Germany is the new rising star of Pinot Noir – called Spatburgunder in German. Known for its rich heritage of making some of the world’s most memorable white wines, German winemakers are taking their understanding of cool climate viticulture and applying it to red wines.

Some of the best vineyard sites, or einzellage, have rocky soils and good drainage. The rocks retain the day’s warmth and reflect it back onto the vines at night. The einzellagen on the rock-strewn hillsides above Assmanhausen, overlooking the Rhine River, are some of the best in Germany for Pinot Noir.

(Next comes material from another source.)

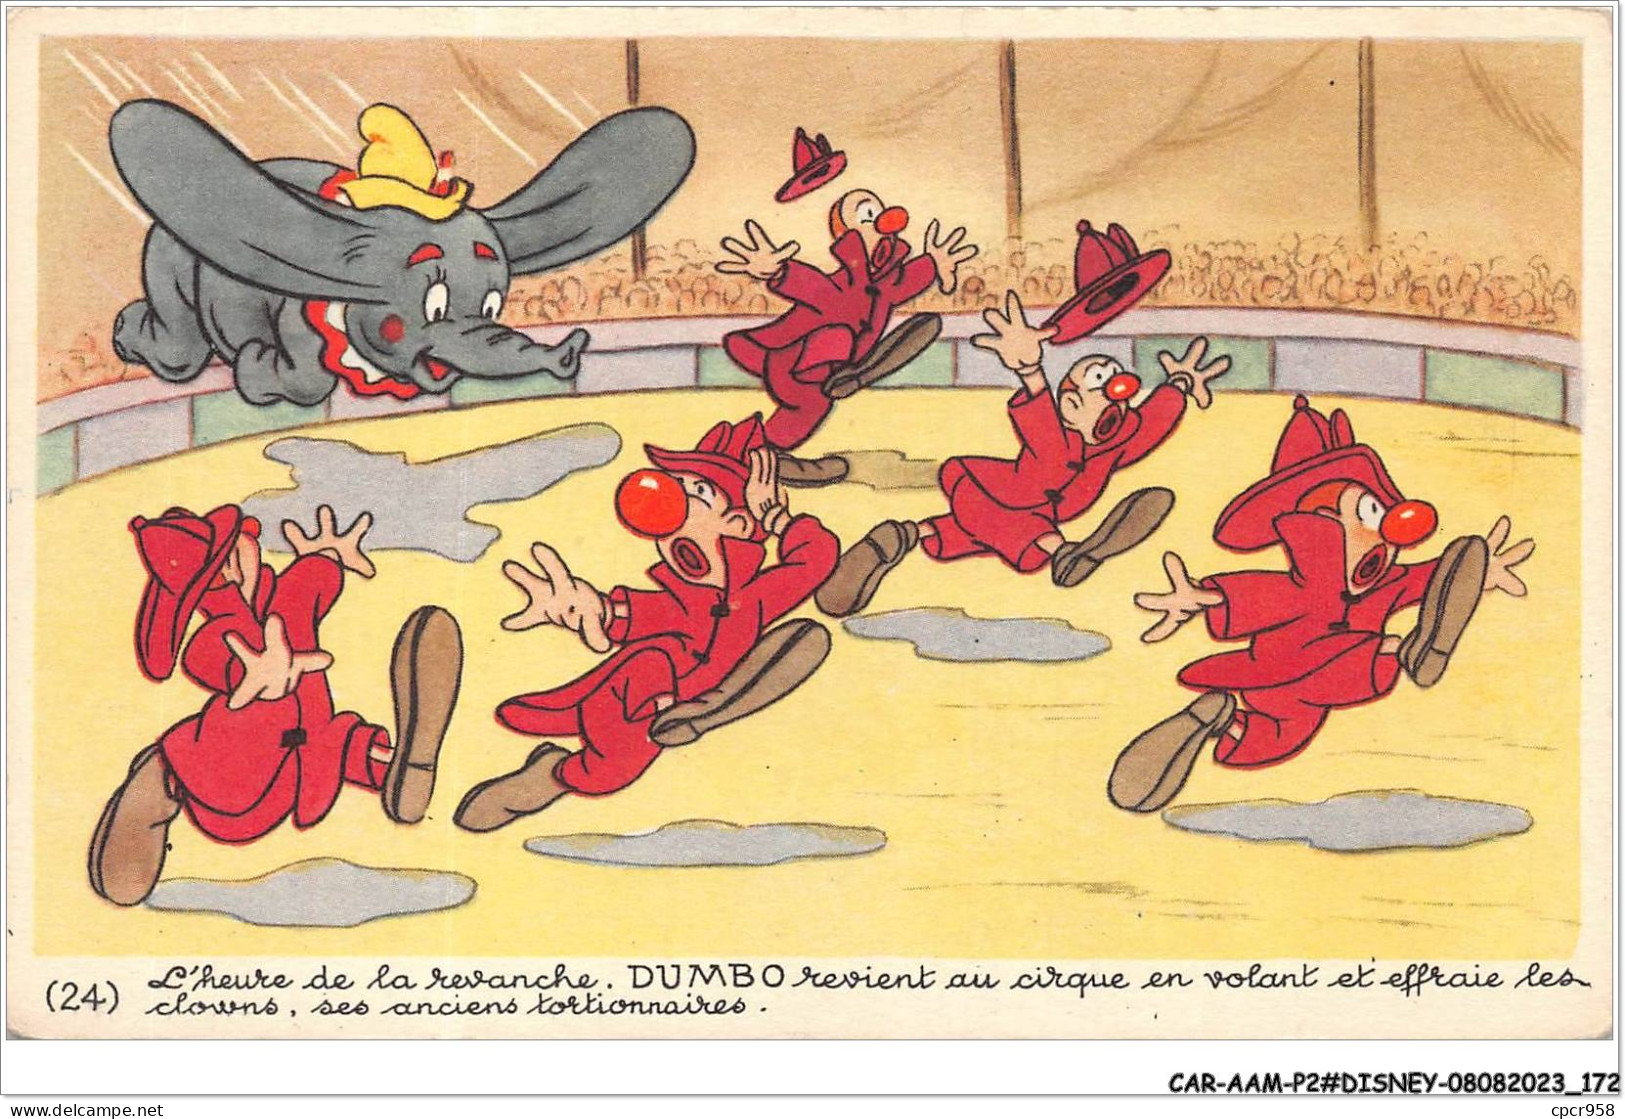 CAR-AAMP2-DISNEY-0188 - Dumbo - L'heure De La Revanche Dumbo Revient Au Cirque En Volant Et Effraie Les Clowns - N°24 - Disneyland

The low yielding vines help producers like Robert Konig make a superior wine that is absolutely worth seeking out. Konig’s Assmannshauser Hollenberg Spatburgunder Spätlese Trocken (about $30), in particular, is a dry, medium alcohol, juicy wine with firm tannins and a real sense of place. 

Ben Spencer is a diploma student with the Wine & Spirit Education Trust and an IntoWine Featured Writer


Not known for red wines, Germany actually produces quite a bit. Dornfelder and pinot noir dominate the red category with pinot noir (spätburgunder) being the most well know. But Americans can’t pronounce that word, so we call it pinot.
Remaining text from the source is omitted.